The application of the Equal Credit Opportunity Act (ECOA) to spousal guaranties is a developing area of law, resulting in a number of recent appellate opinions. One opinion from the Eighth Circuit Court of Appeals, Hawkins v. Community Bank of Raymore, Case No. 13-3065, casts doubt on the viability of an ECOA defense for guarantors, finding that guarantors are outside the scope of its protections.
The ECOA makes it “unlawful for any creditor to discriminate against any applicant, with respect to any aspect of a credit transaction . . . on the basis of . . . marital status.” 15 U.S.C. § 1691(a). “Applicant” is a defined term and means “any person who applies to a creditor directly for an extension, renewal, or continuation of credit, or applies to a creditor indirectly by use of an existing credit plan for an amount exceeding a previously established credit limit.” 15 U.S.C. § 1691a(b). The implementing regulation for the ECOA, Regulation B (Reg B), interprets and expands the definition of “applicant” to include guarantors, which are otherwise excluded. 12 CFR 202.2(e).
The guarantors in Hawkins asserted application of the ECOA as an affirmative defense to liability.

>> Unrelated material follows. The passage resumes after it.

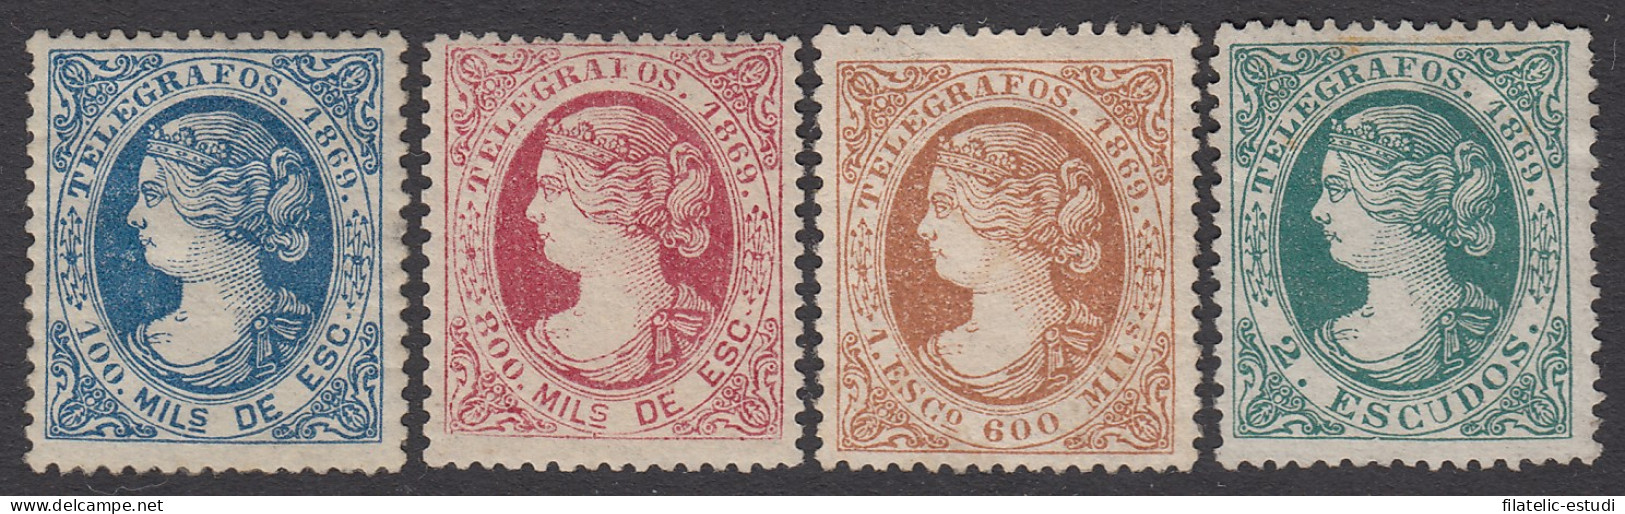 España Spain Telégrafos 26/29 1869 Isabel II  MH - Postage-Revenue Stamps

The lender argued that because the guarantors were not “applicants” for credit within the meaning of the statutory definition, they could not assert an ECOA defense. Applying settled principles of statutory construction, the court concluded the definition of “applicant” under the ECOA clearly excluded guarantors and Reg B’s expansion of the definition was inconsistent with Congress’ intent. Based on these conclusions, the court rejected the guarantors’ defense and upheld liability under their guaranties.
In its opinion, the court noted a recent decision from the Sixth Circuit, RL BB Acquisition, LLC v. Bridgemill Commons Dev. Grp., 754 F.3d 380, considering the same issue. In this case, the Sixth Circuit performed the same analysis, but reached a different conclusion. The Sixth Circuit found the definition of “applicant” under the ECOA was ambiguous and accepted the expanded definition under Reg. B. This sets up a split between circuits and an issue certain to be litigated in state and federal courts across the country.
UPDATE: The US Supreme Court granted the guarantors’ petition for writ of certiorari in Hawkins v. Community Bank of Raymore, creating expectations the Court would resolve the current circuit split and issue the final word on whether the ECOA affords protection to guarantors. On March 22, 2016, the Court affirmed the Eighth Circuit in a per curiam opinion by an equally divided vote–an outcome effected by the passing of Justice Antonin Scalia. The import of this ruling is to affirm the Eighth Circuit without creating precedent in other jurisdictions. For now, those seeking clarity about the application of the ECOA will continue to wait.